One reason latinos may be more willing than others to gamble on a new business is that so many have already taken considerable risks–whether to get to the U.S. in the first place or just to get ahead. Compared with the risks of crossing a border or merely enduring the hardships that can still result from belonging to a minority group in the country, the uncertainty of starting a business seems almost negligible. “You generally come [to the country] with fewer resources,” says Sol Trujillo, former CEO of Telstra, Orange and US West. “Therefore you have to be more risk-taking, more entrepreneurial, and you generally have to work harder.”
Despite their booming growth, Latino-owned businesses are typically smaller than others. A new Census survey of entrepreneurs found that in 2014, the average Hispanic-owned company had sales of about $1.1 million; white-owned firms averaged about $2.4 million. It’s a gap that Trujillo and other business leaders attribute to a dearth of mentoring available to new Latino business owners. “If you were going to look and say what’s the biggest thing, it’s access to networks,” says Remy Arteaga, executive director of the Latino Business Action Network, of the challenges facing Latino entrepreneurs. “That also means access to resources, access to talent for employees and access to mentors.”
Still, in 2012, Latino-owned businesses employed 2.5 million workers, according to the Stanford study, a number that has likely grown since. Flores employs four people at Lux Beauty Club. She doesn’t have the old-boy network with ties to deep pockets that other startup owners might enjoy. But she hopes to expand through partnerships with other companies and by wooing beauty bloggers like Hadley Darag, who was in the office to film a promotional video on the day that TIME paid a visit. “It’s about being scrappy,” Flores explains, “but it’s about the community really helping each other, and that’s important because I want another woman like me to also start her own business.”
The pattern is repeated in real estate.
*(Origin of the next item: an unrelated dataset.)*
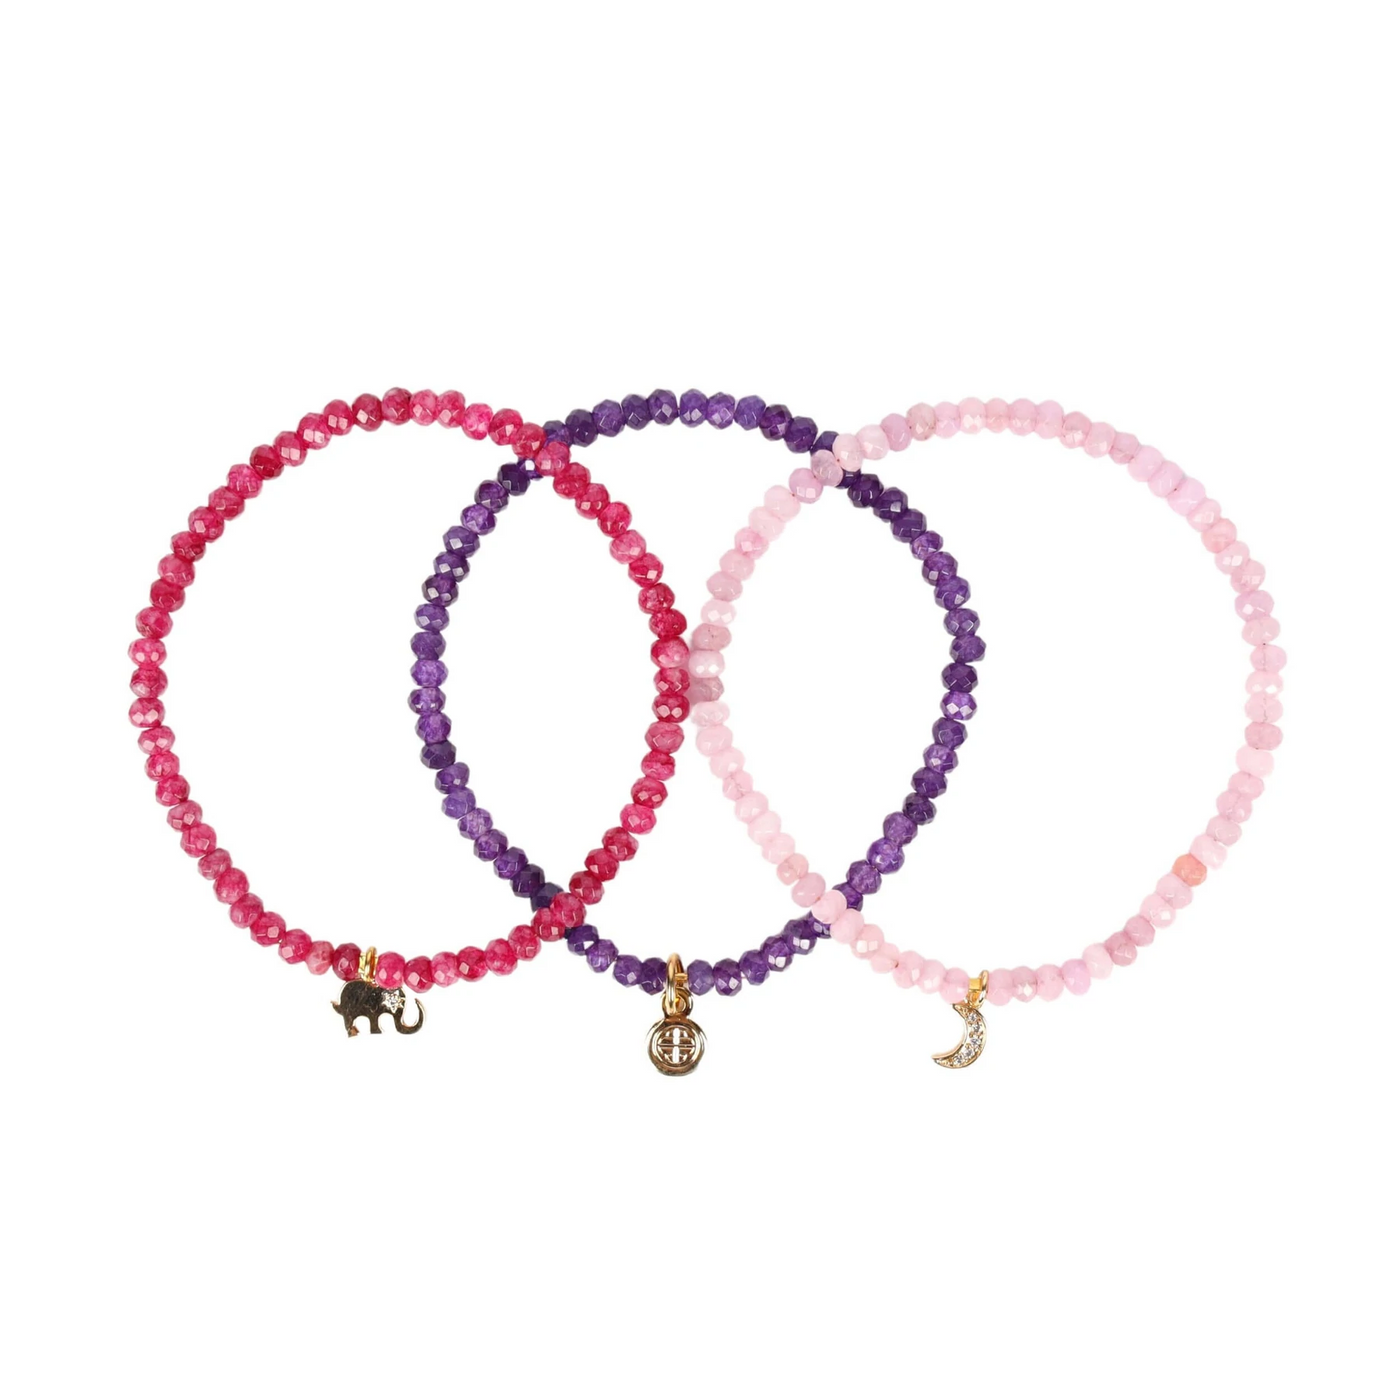 BUDHAGIRL BRACELETS SYDNEY - SET OF 3 (Available in Colors)

From 2000 to 2014, Hispanics accounted for about half of the growth in homeownership in the U.S., according to the National Association of Hispanic Real Estate Professionals (NAHREP). In 2014 alone, Hispanics were responsible for 40% of homeownership growth, the largest share among any racial or ethnic group.
Banks have taken note. “We could see the growth happening around us,” says John Stumpf, CEO of Wells Fargo. “It was one of those just obvious things.” To that end, Wells Fargo announced a goal of lending $125 billion to Hispanic home buyers over the next 10 years. As part of its outreach, the bank is working on ways to make loans more accessible to immigrant families. Brad Blackwell, head of portfolio lending for Wells Fargo Home Mortgage, says the bank has encountered many Hispanic families that have multiple generations living together and contributing to household wealth, but traditional loan programs typically count only the incomes of the two people applying for the mortgage. A new Wells Fargo program would factor in that extended-household income to increase the chance of loan approval.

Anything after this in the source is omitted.